In other studies docetaxel o/w microemulsion is reported to have a relative bioavailability of 519.2% over taxotere,6 while the relative bioavailabity of cyclosporine microemulsion was enhanced with a 16% to 31% increase in AUC and a 32% to 42% increase in Cmax. 13 Our findings with elemene microemulsion in this work were in agreement with the literature reports. Although the enhanced extent of bioavailability of the elemene microemulsion is a little less than desired, the surfactant content used is a little lower.6,13,14 These results encourage further development of elemene microemulsions as an oral drug delivery system.
This study shows that the elemene o/w microemulsion with good clarity, excellent stability, high entrapment efficiency, and improved bioavailability can be prepared successfully using elemene as the oil phase and drug, polysorbate 80 as the surfactant along with ethanol, propylene glycol, glycerol as the cosurfactants, and ultrasonication as the dispersing force.
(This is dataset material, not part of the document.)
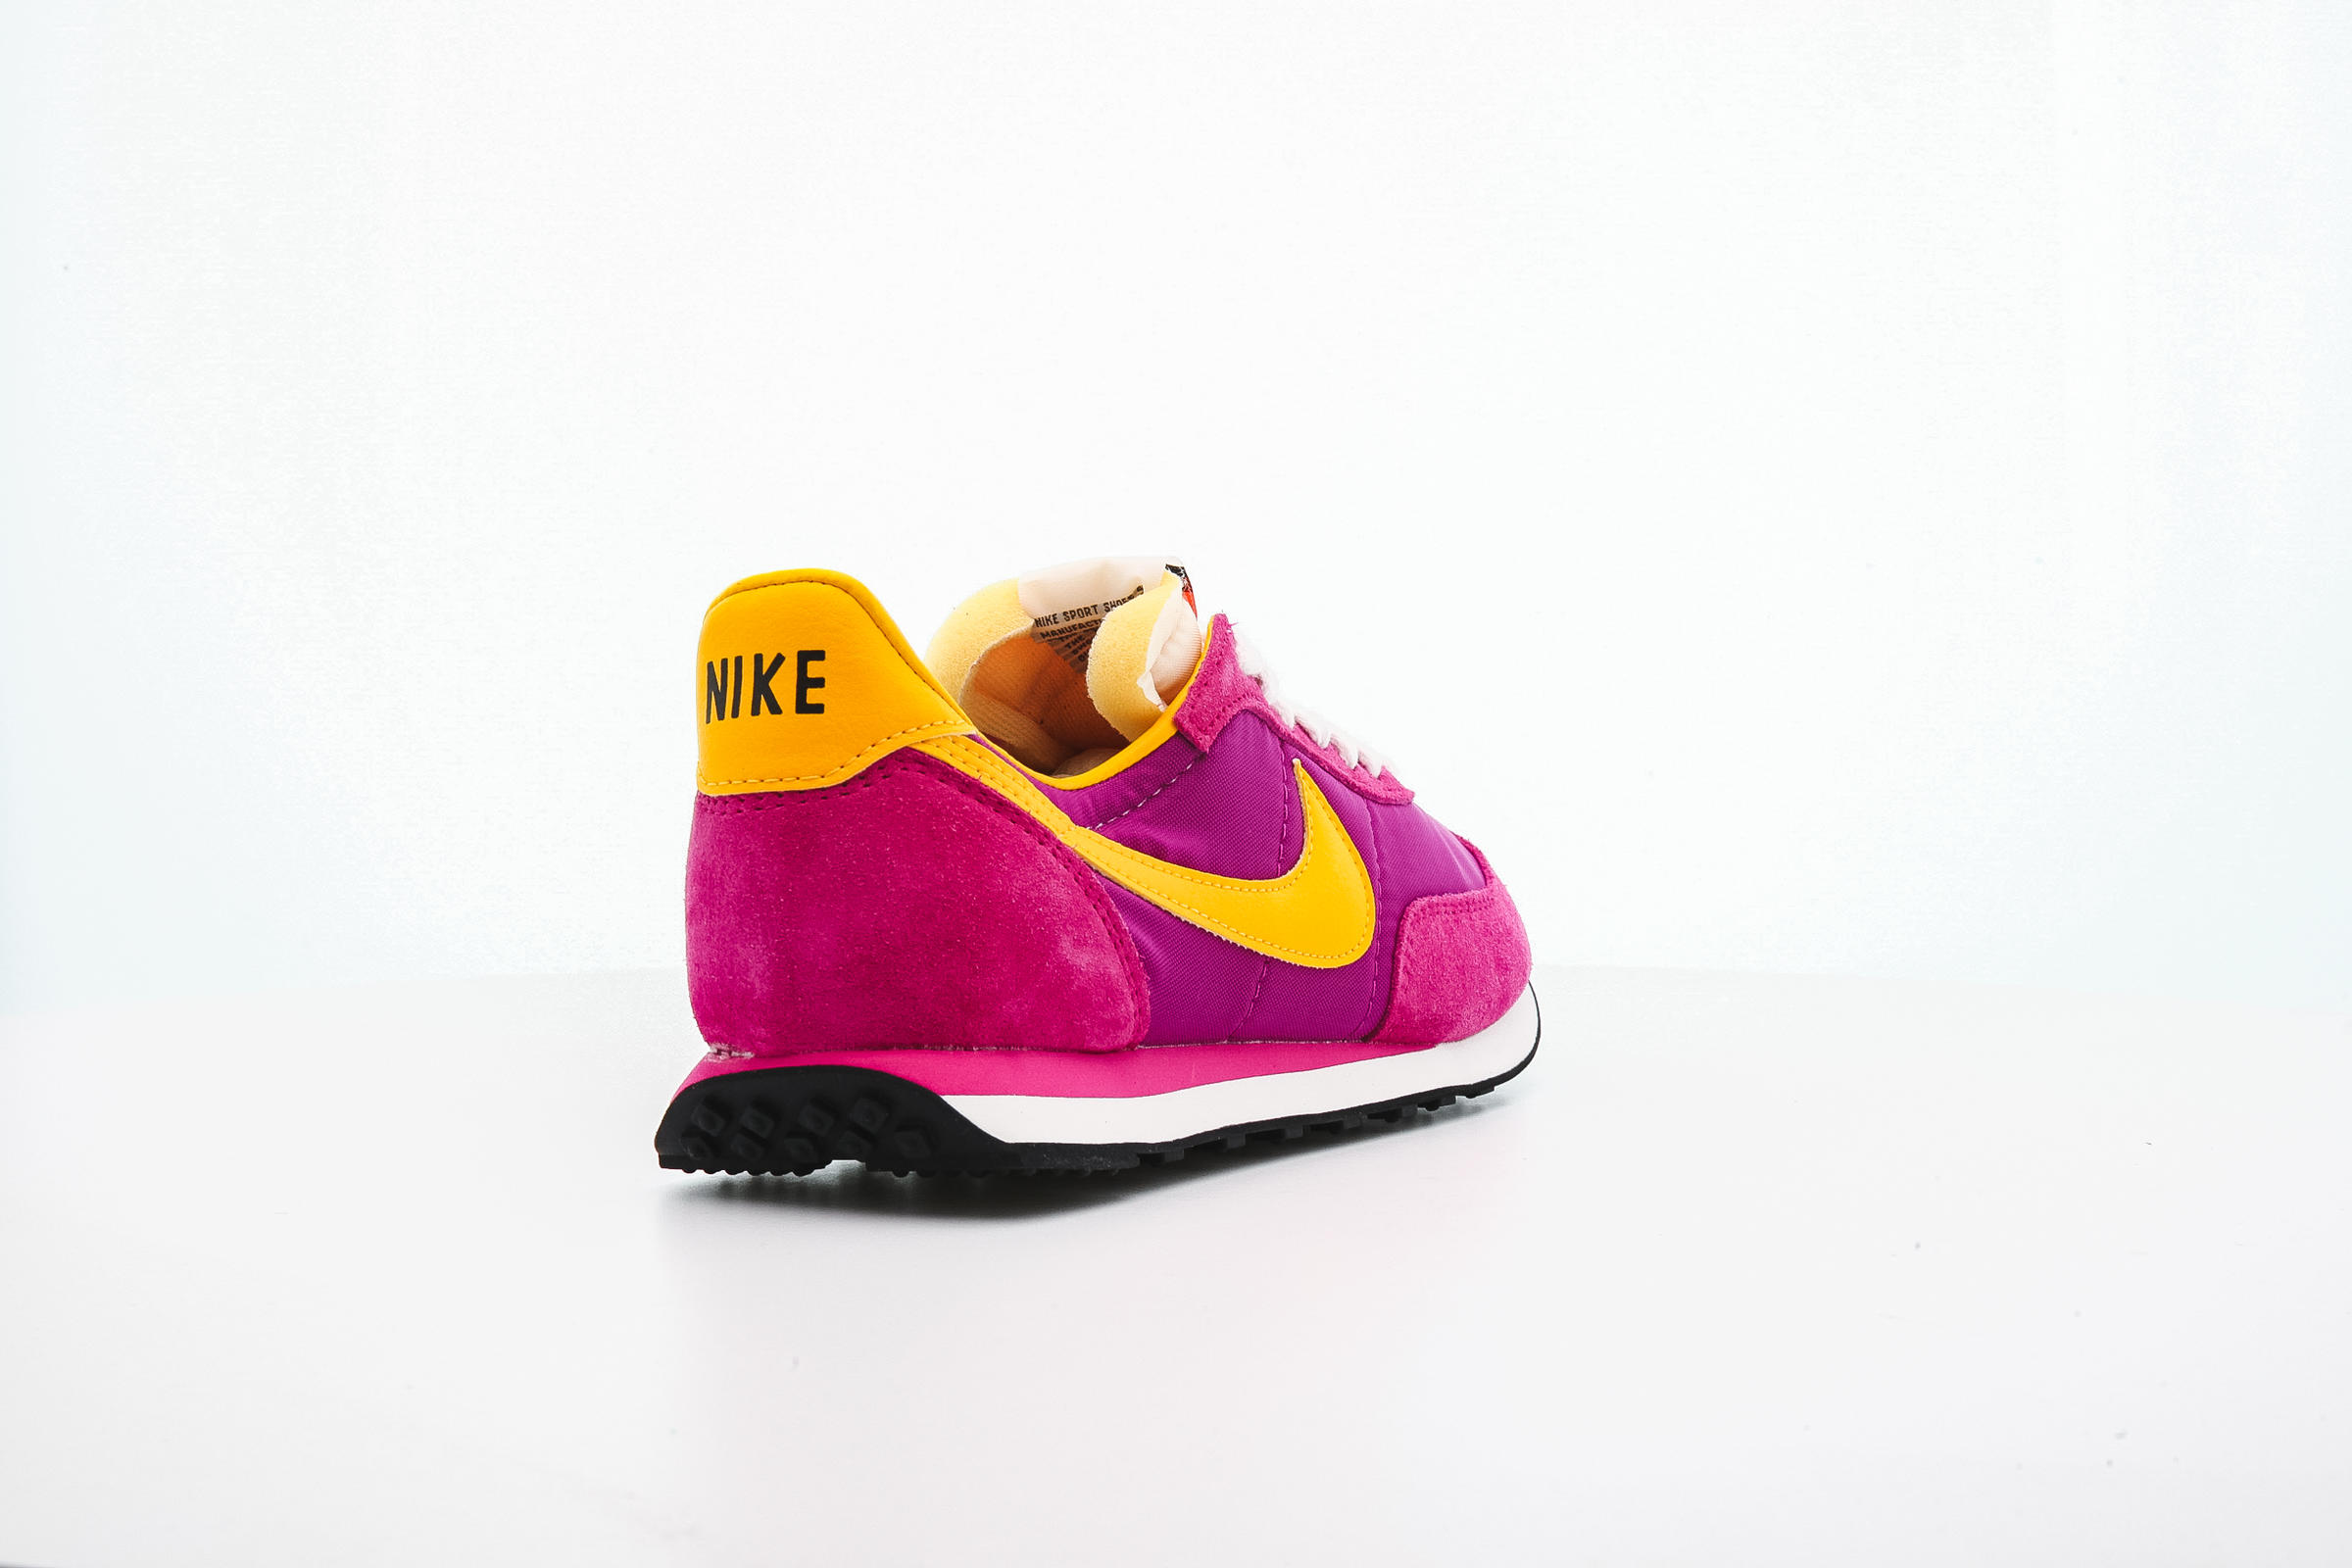 Nike WAFFLE TRAINER 2 SP "FIREBERRY"
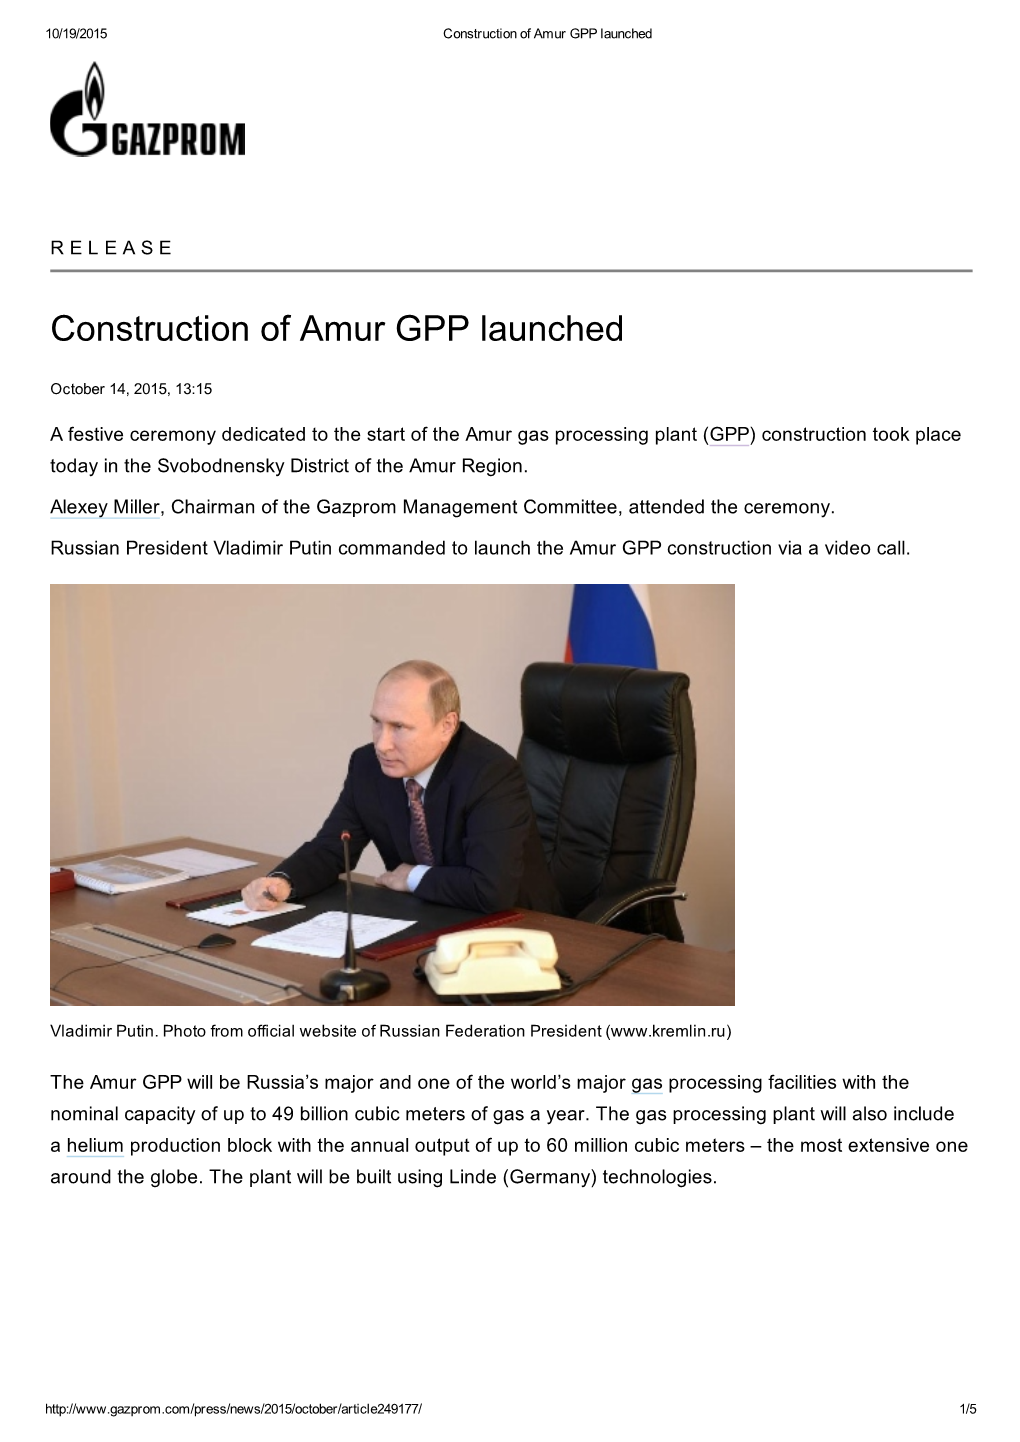 Construction of Amur GPP Launched

The work was supported by grants from Foundation of Zhejiang Science and Technology Department (2009C33005), National Natural Science Foundation of China (20906016), Technology Research and Development Program of Hangzhou (20090331N03), and “Biomedical Engineering” Top Priority Open Funds of ZheJiang (SWYX0919).
The authors report no conflicts of interest. The authors are solely responsible for the content and writing of the paper.